A BLOCK without any RETURN-FROM just returns the last value: 

(block b 1 2 3) returns 3.

This prints 1 and returns 2:

(block b (print 1) (return-from b 2) (print 3))

You can have any number of nested blocks:

(block b1 ... (block b2 ... (return-from b1) ...) ...)

To do an early return from a function, place a block at its beginning:

(defun foo ()

    (block b 

        ...

        (return-from b)

        ...))

(Common Lisp automatically places an anonymous block around every function body, so you don't need to do this in practice, but my hobby Lisp doesn't, and I'm using this explicit approach, and I like it.)
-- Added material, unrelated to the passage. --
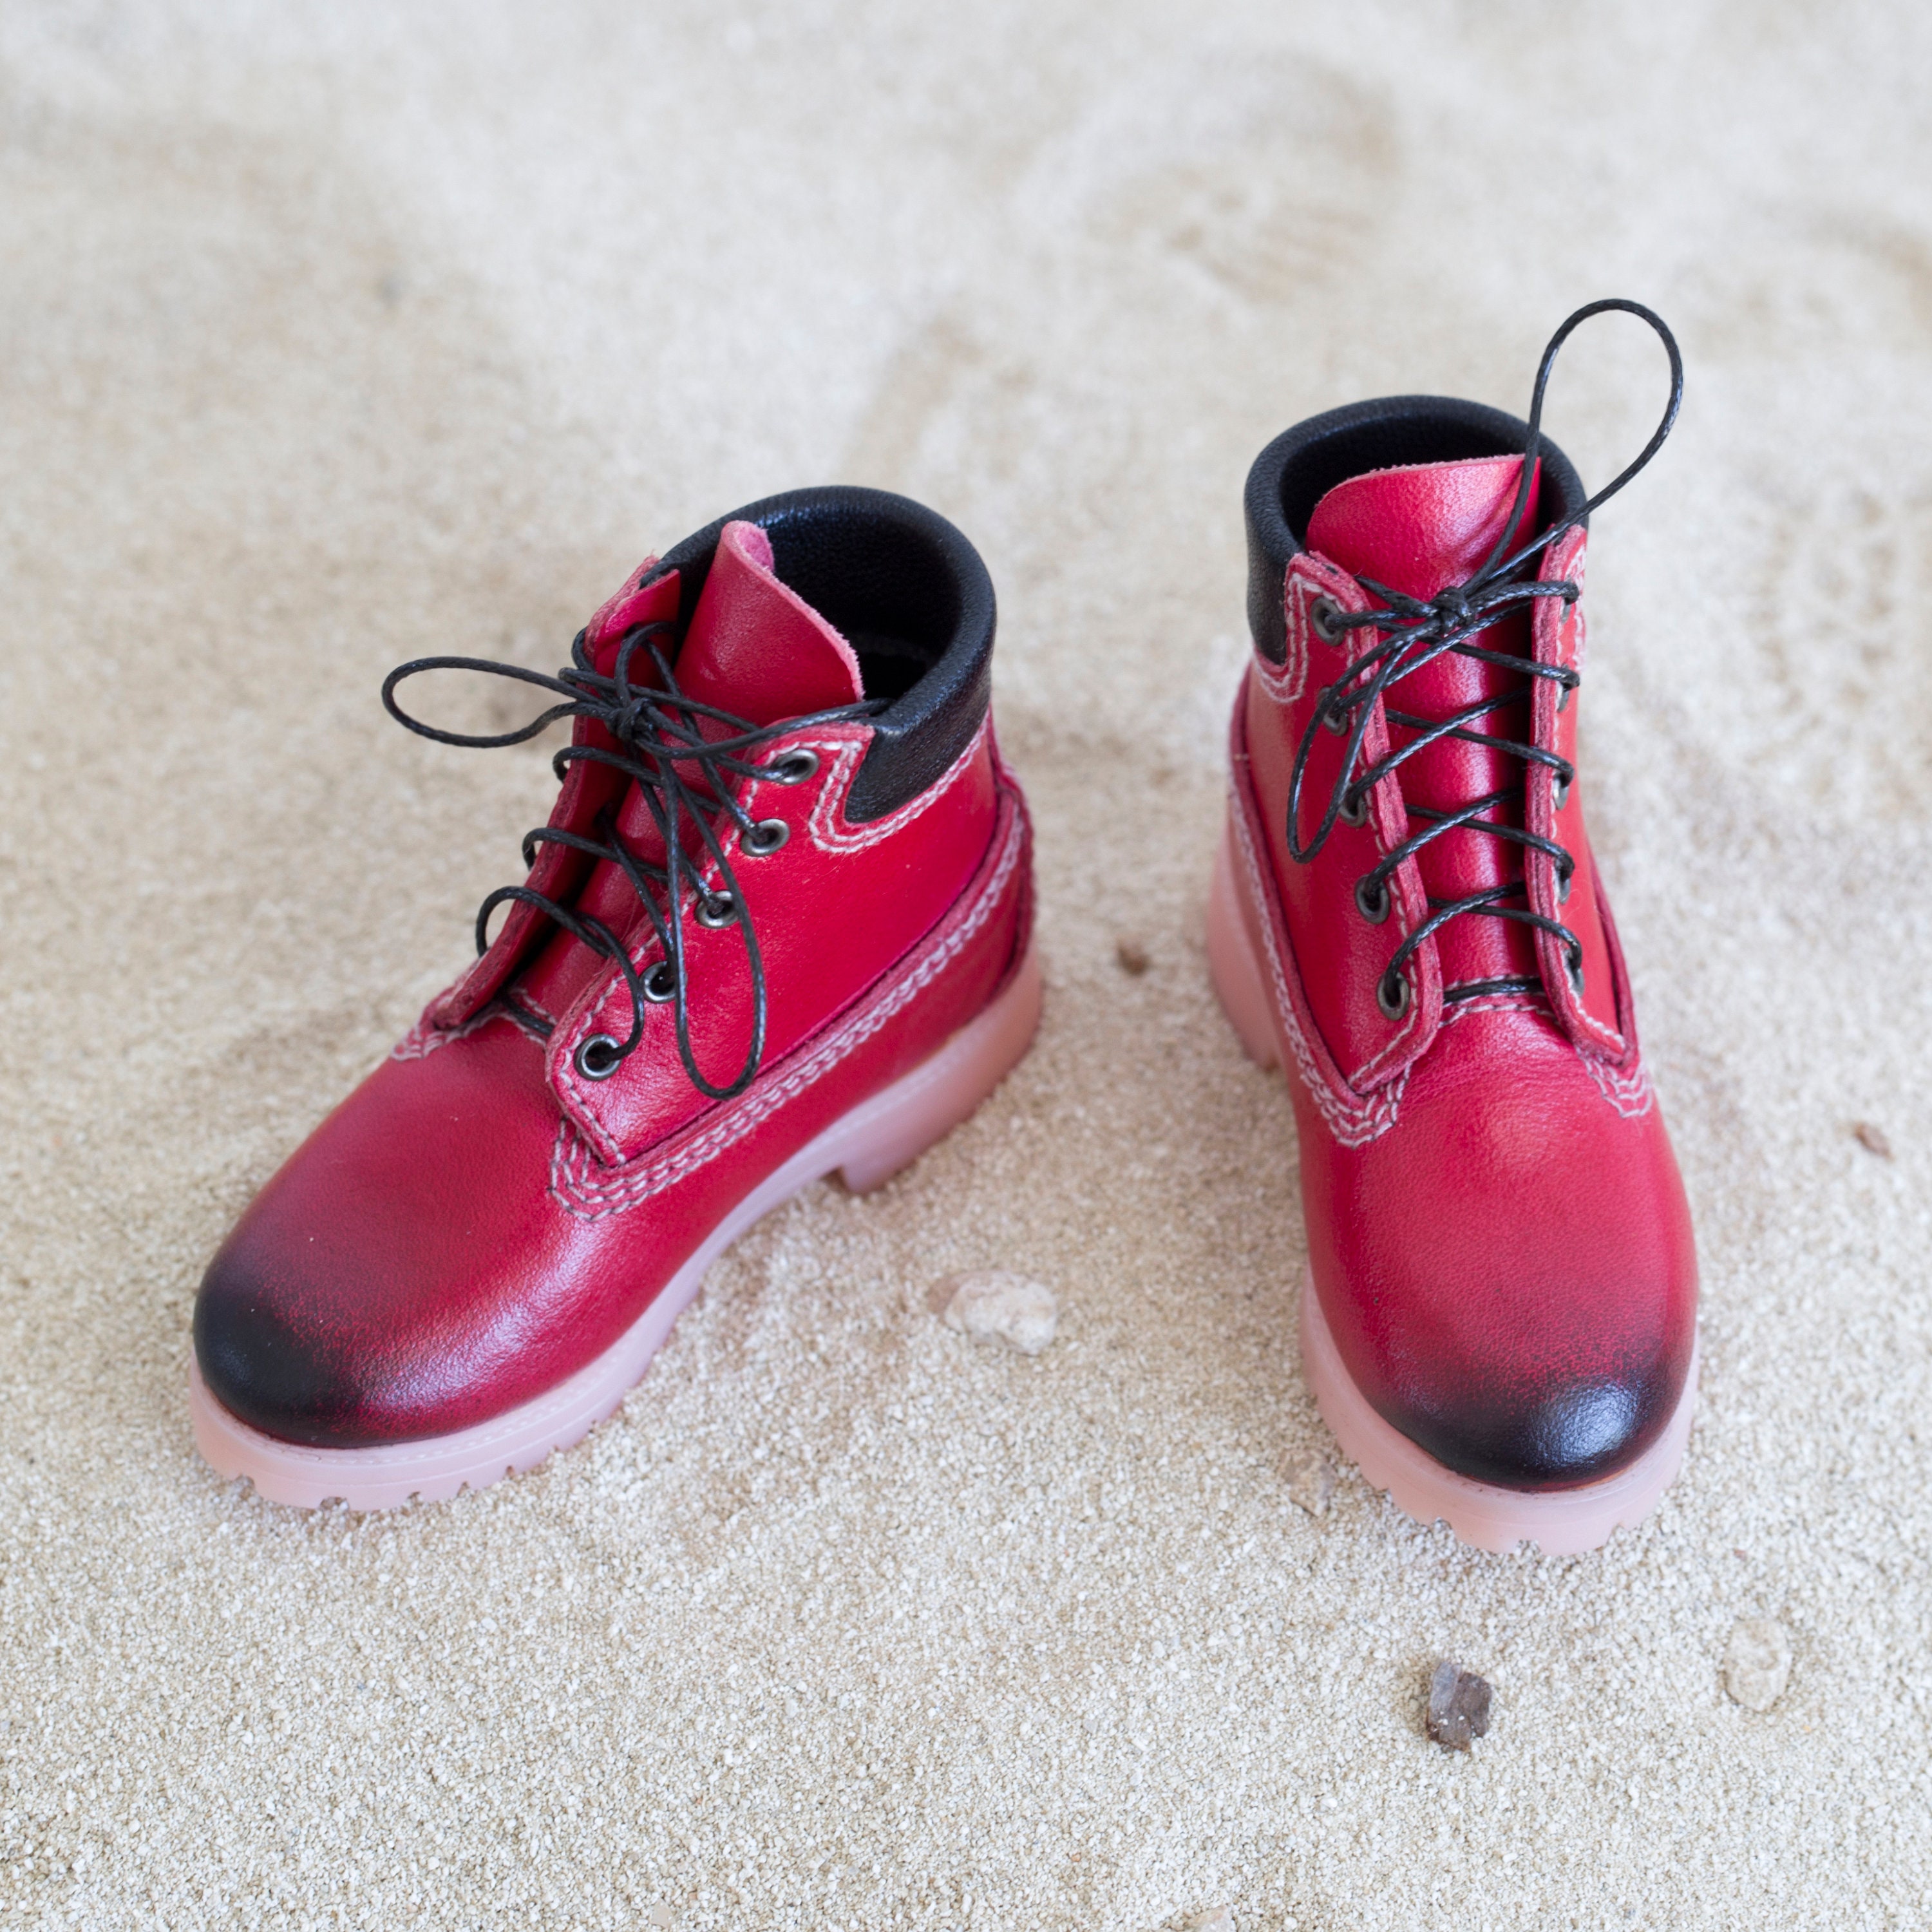 Red timberland boots - Etsy

To break from a loop, place a block around it:

(block break

    (loop

        ...

        (return-from break)

        ...))

To continue in a loop, place a block inside it:

(loop

    (block continue

        ...

        (return-from continue)

        ...))

You can have multiple nested loops, like in Java:

(block break-outer

    (loop

        (block break-inner

            (loop

                ...

                (return-from break-inner)

                ...))))

UNWIND-PROTECT

UNWIND-PROTECT is effectively a try/finally block (without a catch).

(unwind-protect protected-form cleanup-forms*) evaluates the protected form, and regardless of whether it returns normally or does a non-local exit with RETURN-FROM, the cleanup forms are evaluated.

(unwind-protect (foo)
   (bar)
   (quux))

is analogous to

try {
   return foo();
} finally {
   bar();
   quux();
}

Both of the following expressions print 2 and return 1:

(unwind-protect 1
   (print 2))

(block exit
   (unwind-protect (return-from exit 1)
      (print 2)))

Conclusion

Common Lisp's BLOCK / RETURN-FROM and UNWIND-PROTECT offer a minimalistic and expressive system for non-local control flow.